Ahhh….Southport, NC. A quaint coastal town that I could SO see retiring in. It’s like a piece of Americana has frozen in time with general stores, people who smile at you on the street and a simple, quiet way of life. Well…it wasn’t EXACTLY quiet when I visited this past summer, because the town was the backdrop of Nicholas Spark’s latest book to hit the big screen Safe Haven.
An affirming and suspenseful story about a young woman’s struggle to love again, Safe Haven is based on the novel from Nicholas Sparks, the best-selling author behind the hit films The Notebook and Dear John. When a mysterious young woman arrives in a small North Carolina town, her reluctance to join the tight knit community raises questions about her past. Slowly, she begins putting down roots, and gains the courage to start a relationship with Alex, a widowed store owner with two young children. But dark secrets intrude on her new life with such terror that she is forced to rediscover the meaning of sacrifice and rely on the power of love in this deeply moving romantic thriller.
Now, I’m going to admit that I had NEVER read a Nicholas Sparks book before Safe Haven. I don’t do romance, and I had made an assumption based on….well, NOTHING. I just had this preconceived notion about him and I’ll admit when I was wrong. I read Safe Haven before going on this junket and it was an easy, quick read that was more than just a simple love story, it was MUCH less sappy than I had imagined, and the constant twists and turns coupled with the element of suspense made it an exciting read.

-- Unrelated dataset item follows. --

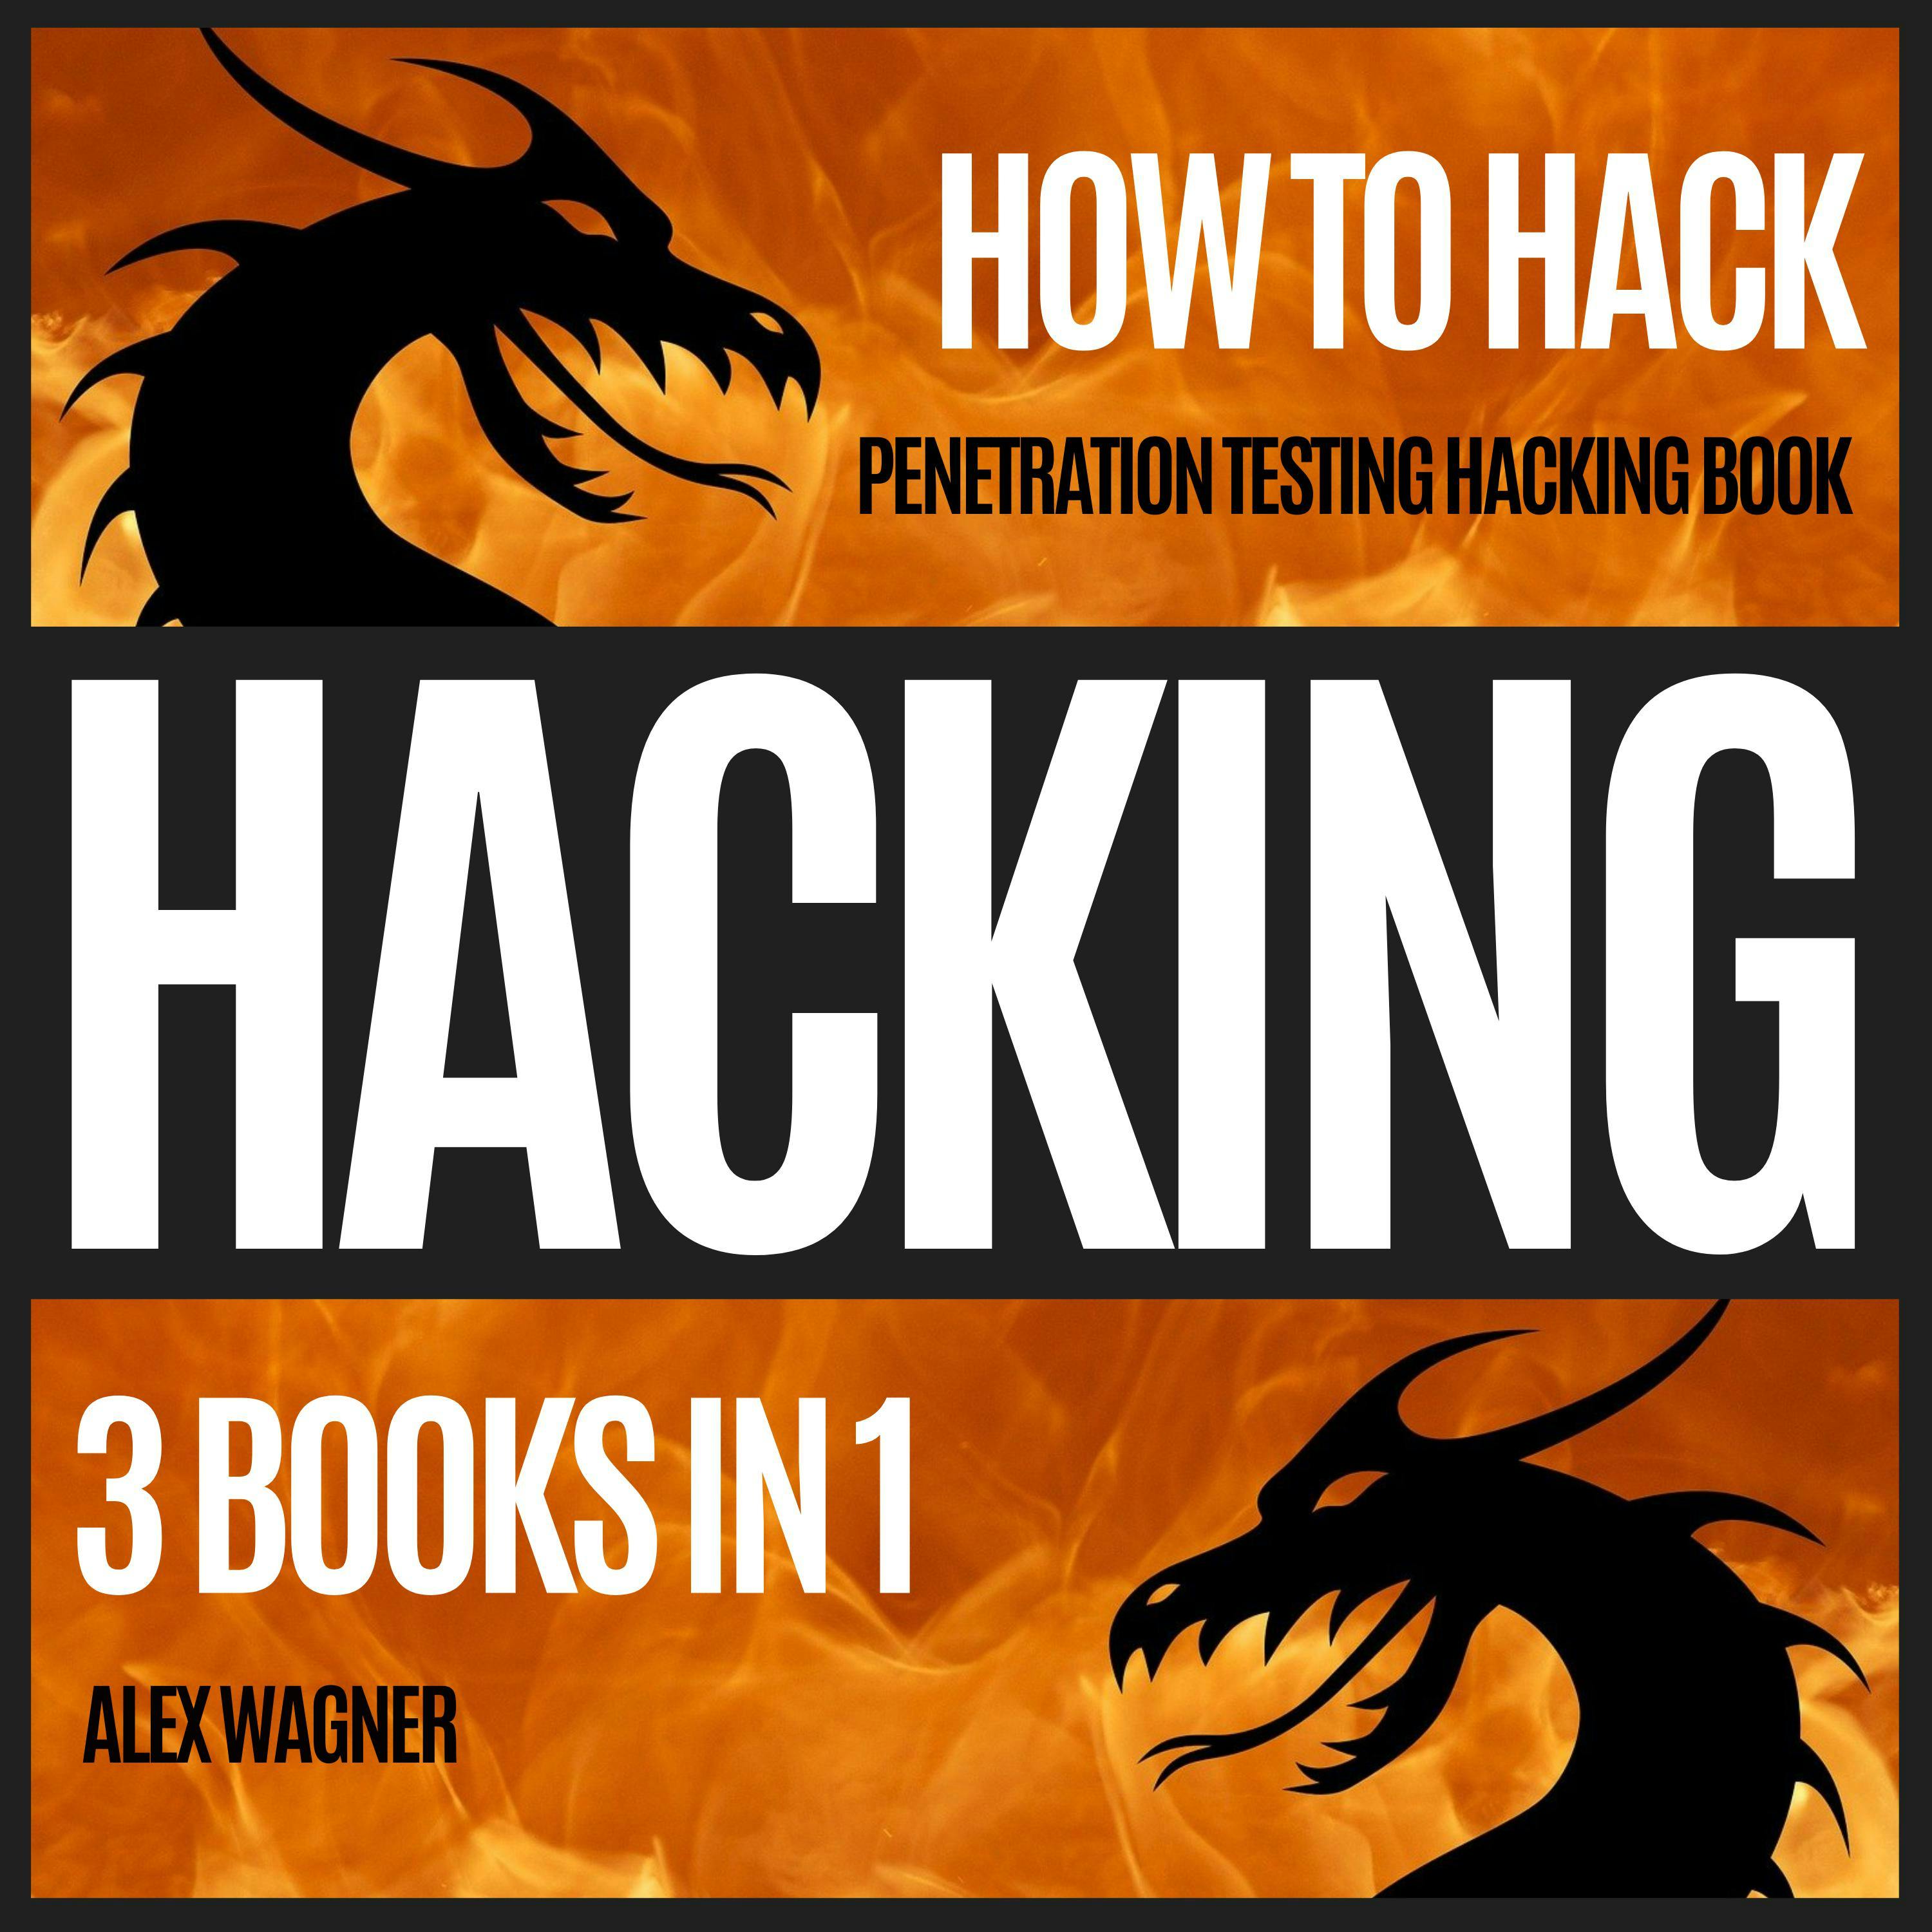 HACKING: HOW TO HACK: PENETRATION TESTING HACKING BOOK | 3 BOOKS IN 1 - Alex Wagner

I was interested in talking to Mr. Sparks, to get a true handle on how he writes and why so many of his books end up as major motion pictures. Of course, I was JUST as interested in the movie (but like you, I have to wait til it comes out to see it).

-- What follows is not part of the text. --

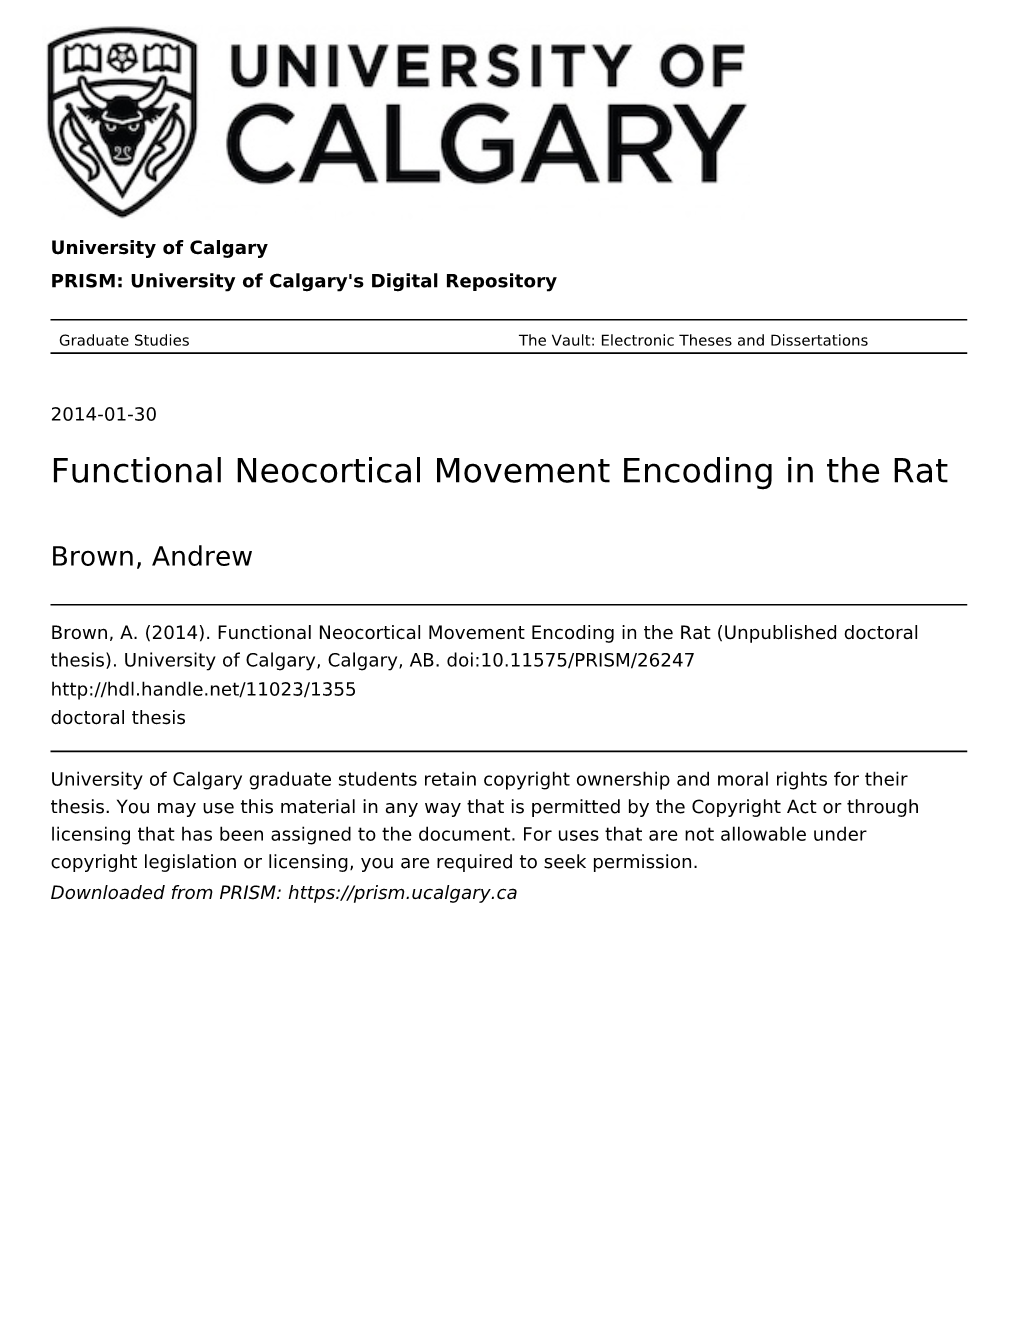 Functional Neocortical Movement Encoding in the Rat

I got to sit down over hush puppies and a glass of wine with Nicholas Sparks while our group asked questions quite casually. I’ve done MANY celebrity and author interviews, but never one like this. Mr. Sparks let us in on HOW he began writing, how he approaches each new novel, and how he handles his role when it comes to his books being made into screenplays.
CL: So many of your books get translated to film, when you’re writing books, do you ever have a certain actor in mind when you’re writing the part?
Mr. Nicholas Sparks: As a general rule, the answer to whether I envision a particular actor, the answer’s no. But, that’s as a general rule. There’s always exceptions to the rule.
When I wrote The Last Song, for instance, I knew it was Miley. I knew it was Miley ’cause I’d already written the screenplay, and the screenplay had already been green-lit by the time I started the novel. So, I knew it was going to be her, but I didn’t know it was going to be Liam. So, as a general rule, no.
CL: How difficult is it to watch another screenwriter adapt your work?
Mr. Nicholas Sparks: It is what it is. I don’t have to sell it. You know, that’s my choice. That’s my power as an author. I choose to participate in this world. And the simple reality is that films are a very collaborative process.
I know that going in that you’re only one part of a team. I have to say that I am very fortunate in that my opinion is weighed fairly heavily. And yet I also understand that they’re very different mediums, and you can’t do everything. They’re not just going to film the entire book.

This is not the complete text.